Big thanks also to Automattic, the company behind WordPress, which in 2019 denied three frivolous legal requests to remove content on this blog, including from the Indian government (click here and here to read Eugene Volokh’s coverage of those requests).

After co-bylining a series of investigative stories for The Daily Beast in 2018, in April I started freelancing for BuzzFeed News. But not before co-bylining one last story with DB’s Lachlan Markay. An update to the Forrest Gumpian saga of Kremlin media policy adviser Alexander Malkevich — who has a knack for popping up in unexpected (and not-so-unexpected) places — the story chronicled Malkevich’s attempts to navigate US Treasury Department sanctions placed on him and his now-infamous Russian propaganda site USA Really in late 2018.

malkevich_standart04032019

Alexander Malkevich (source)

Via “Google Yanks Services From Russian Propaganda Site” by Lachlan Markay and Dean Sterling Jones, The Daily Beast, February 07, 2019:

Tech giant Google has cut off a sanctioned Russian propaganda website from popular tools that allowed the site to track and collect extensive data on the site’s readers.

The website, USA Really, has been barred from using Google Analytics, the company told The Daily Beast last week, depriving the site of reporting data on readers’ countries of origin, time of visit, pages visited, referring websites, IP addresses, and types of operating systems. The information is typically used for search engine optimization and marketing purposes.

It’s the latest setback for USA Really, which has seen multiple other tech firms cut ties with the site after its parent company, Russia’s Federal News Agency (FAN), was hit with U.S. sanctions in December. Federal authorities accuse FAN of complicity in a widespread, Kremlin-backed disinformation campaign dubbed “Project Lakhta…”
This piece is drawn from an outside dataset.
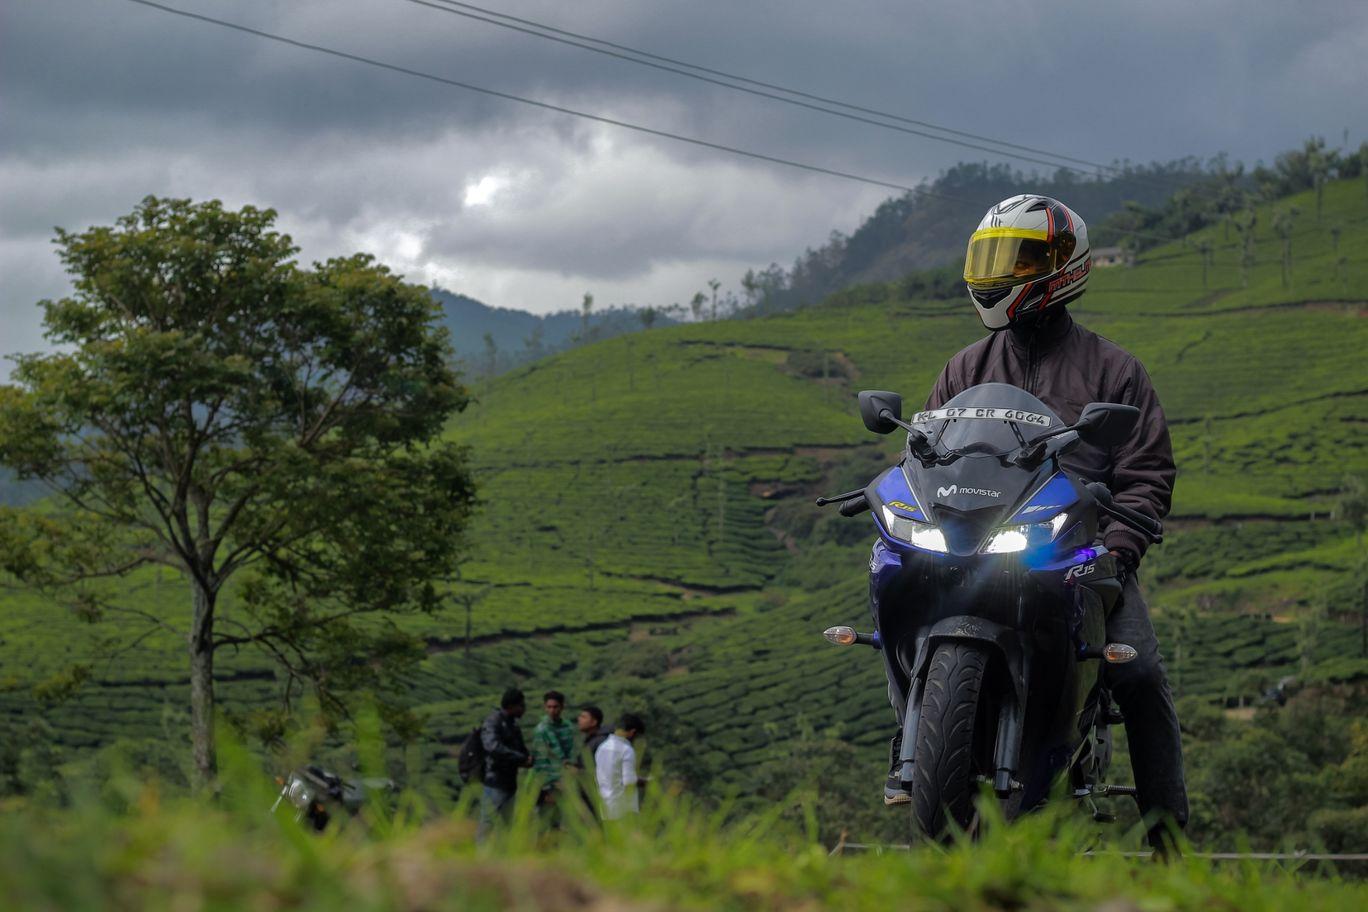 Photo of Munnar - Udumalpet Road By jose raphael

Sanctions against FAN also have USA Really’s American contributors reconsidering their own involvement, given the possibility that any payments for their writing might run afoul of prohibitions on business dealings with the site.
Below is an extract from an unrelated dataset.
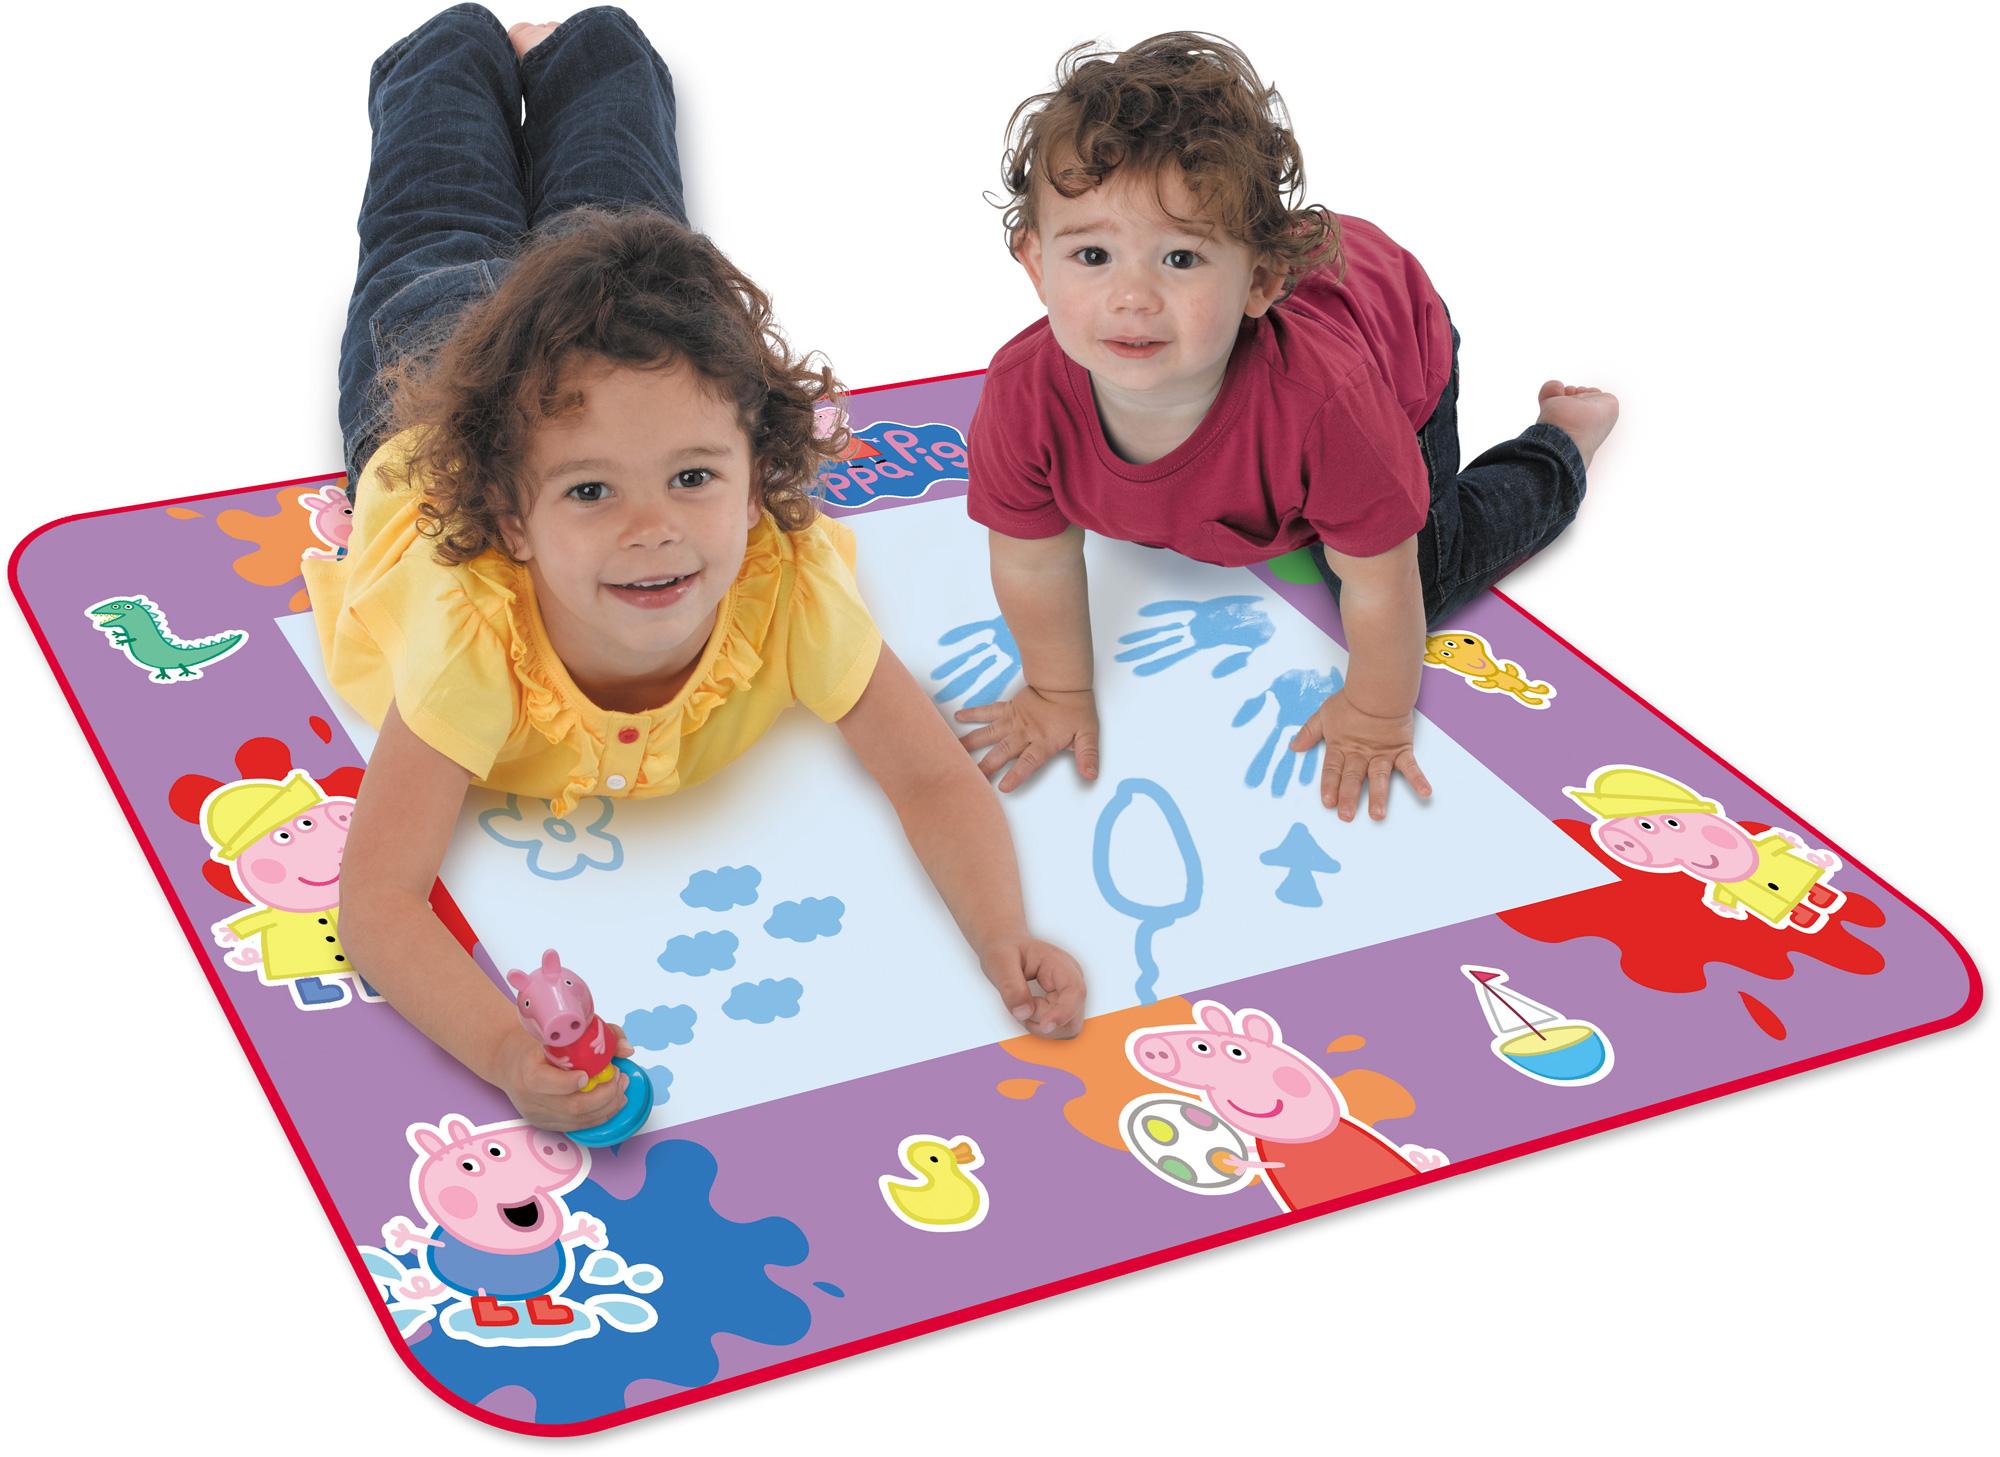 itm Tomy AQUADOODLE PEPPA PIG SET No Mess Drawing Art Craft Mat Toddler Child Toy

“Our authors continue to cooperate with us,” Malkevich told The Daily Beast. “They write about their thoughts, about the problems of American society…”

Asked about the future of USA Really, he said he is currently exploring ways to navigate the new sanctions while waiting for federal authorities to confirm whether or not he has the right to continue operating in the United States.

“WHY I HAVE THE RIGHT TO RUN MY SITE??????????????,” he replied when asked to elaborate. “1. IT IS MY OWN PROJECT 2. I REALLY LOVE TO WRITE 3. US DIDN’T SUGGEST ME ANYTHING ONLY SANCTIONS NO COMMUNICATION NO LETTERS NO ANSWERS TO MY QUESTIONS NO COOPERATION.

“I AM REALLY UPSET BECAUSE OF ALL THESE THINGS,” he added. “AND NOW YOU WANT TO CONSRUCT [sic] SOME THEORY OF PLOT AGAINST US?

“WITCH HUNT 2019? ALL ANERICANS [sic] CAN WRITE ANYTHING FOR US.”

Click here to read the full story.

Despite a glowing review of our story by one of USA Really’s American contributors, Malkevich subsequently quit the site to lead the Foundation for the Protection of National Values (FPNV), a self-described “small non-government organisation” that purportedly conducts sociological research to sell to “businessmen” and “other people who are in need of them.” At FPNV, Malkevich spent the rest of 2019 fending off allegations (including criminal charges against two of FPNV’s employees) that he was involved in Kremlin-backed efforts to interfere in African elections.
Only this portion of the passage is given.